Между танцами подбежала к нам Маруся; сказала
мне, указывая на мать: «берегитесь, она форменная деми-вьерж - обворожить
обворожит, а на роман не согласится»; и тут же сообщила матери: «весь вечер
танцую с Н. Н.; влюблена; жаль, у него усы, но я надеюсь, что мягкие, царапать
не будут», - и убежала.
- От слова не станется, - сказал я утешительно,
думая, что Анна Михайловна смущена конкретностью этого прогноза; но она
ничуть не была смущена.
- У девушек этого поколения, что слово, что
дело - разница их не пугает.
- А вас?
- Всякая мать за всех детей тревожится; но
меньше всего я тревожусь именно за Марусю. Вы в детстве катались на гигантских
шагах?
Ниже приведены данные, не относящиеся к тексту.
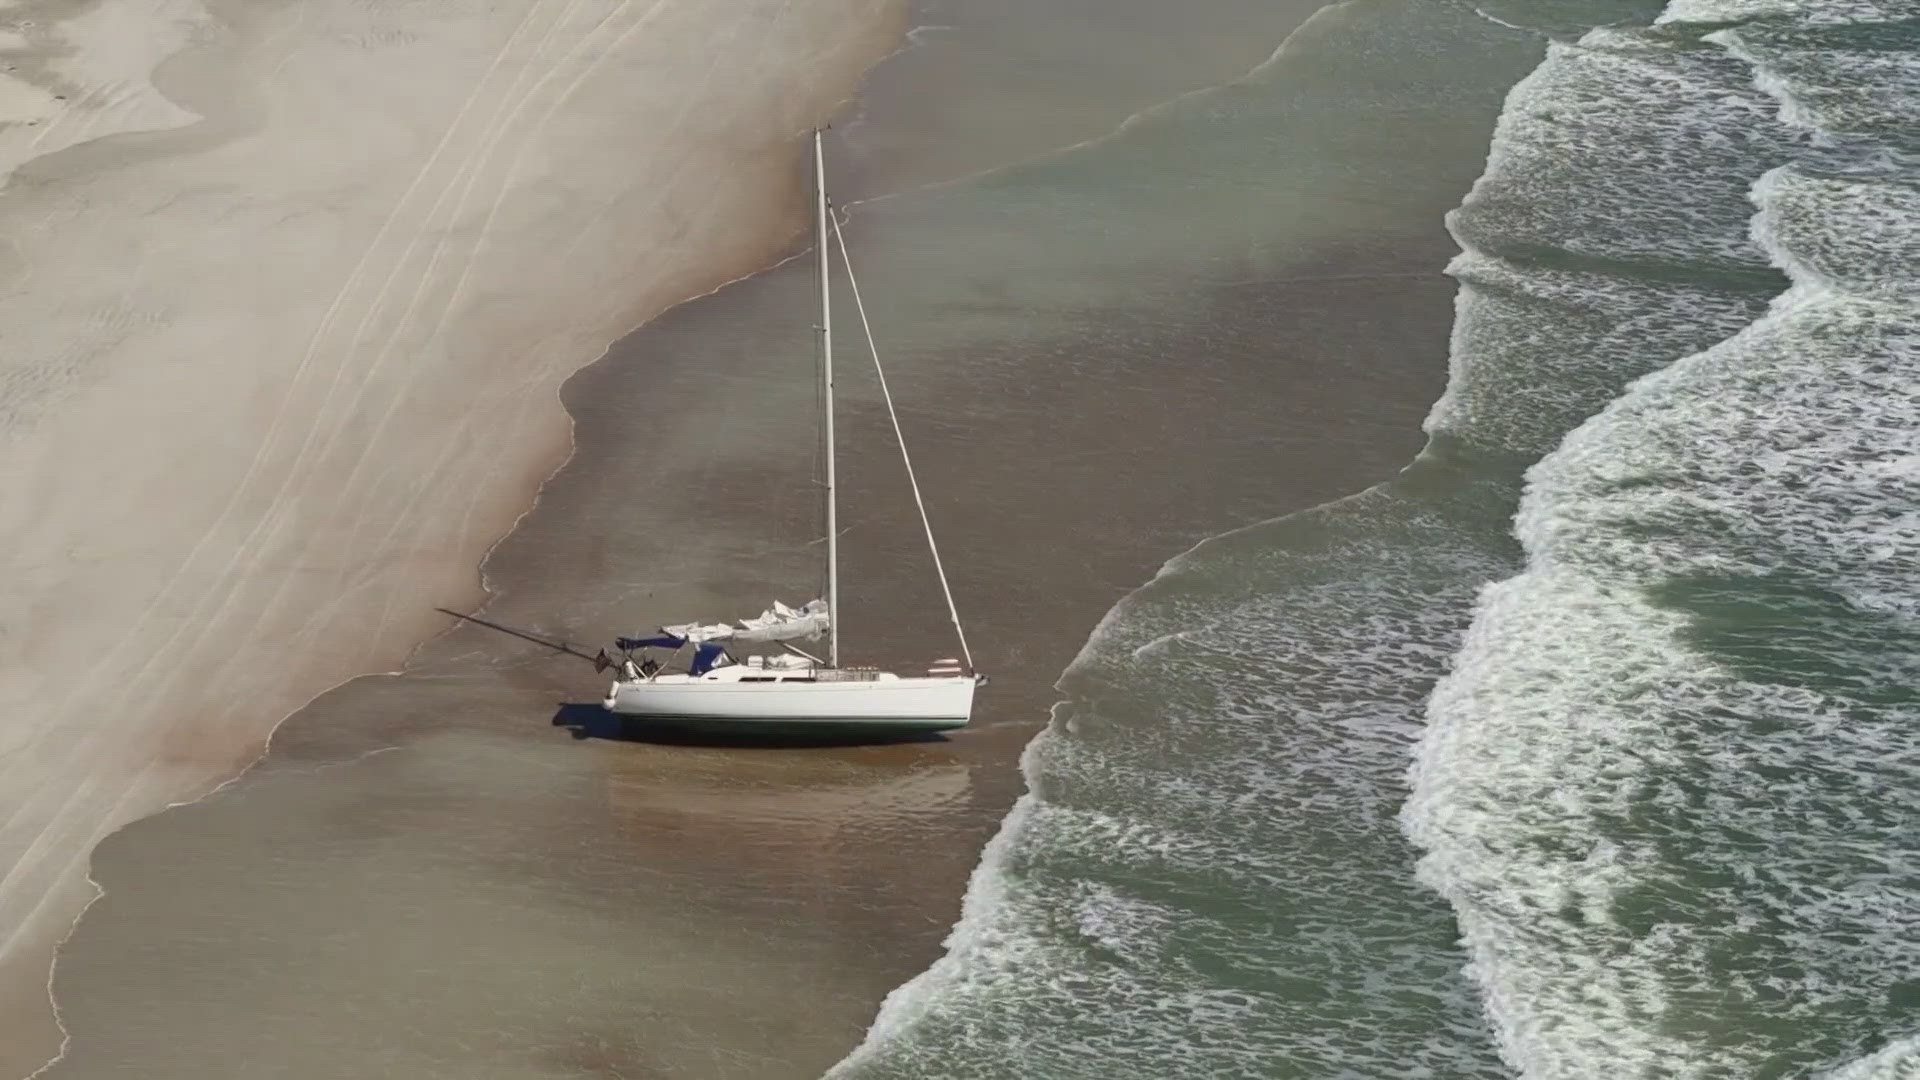 The sailboat owner has seven days to remove it from the sand before there are any penalties.

Взлетаешь чуть ли не до луны, падаешь как будто в пропасть - но
это все только так кажется, а на самом деле есть привязь и прочная граница.
У Маруси есть граница, дальше которой ее никакие усы не оцарапают - хотя
я, конечно, не хотела бы знать точно, где эта граница; - но вот мой муж.
Игнац Альбертович был много старше, полный,
с бритым подбородком, в очках; я и по виду сказал бы, что хлебник - так
и оказалось. Судя по акценту, он в русской школе не учился, но, невидимому,
сам над собою поработал; особенно усердно, как было еще принято в его поколении,
читал немецких классиков - впоследствии цитировал на память чуть ли не
страницы из Берне, а из поэтов особенно почему то любил Шамиссо и Ленау.
В результате был на нем отчасти тот неопределимый отпечаток, который мы
передаем смешным словом «интеллигент»; слово столь же зыбкого содержания,
как у англичан «джентльмен». У подлинного джентльмена могут быть невыносимо
скверные манеры, как и настоящий интеллигент может спокойно, даже зевнув,
обнаружить незнание Мопассана или Гегеля: дело тут не в реальных признаках,
а в какой то внутренней пропудренности культурой вообще. - Но вместе с
тем в Игнаце Альбертовиче прежде всего чувствовался человек из мира «делов»,
знающий цену вещам и людям и убежденный, что цена, вероятно, и есть самая
сущность. Это все я узнал после, когда сошелся с семьею, хотя и в той первой
беседе мне врезались в память некоторые его оценки.
Анна Михаиловна сразу ему пожаловалась, что
я в контору не хочу, а намерен «весь век остаться сочинителем».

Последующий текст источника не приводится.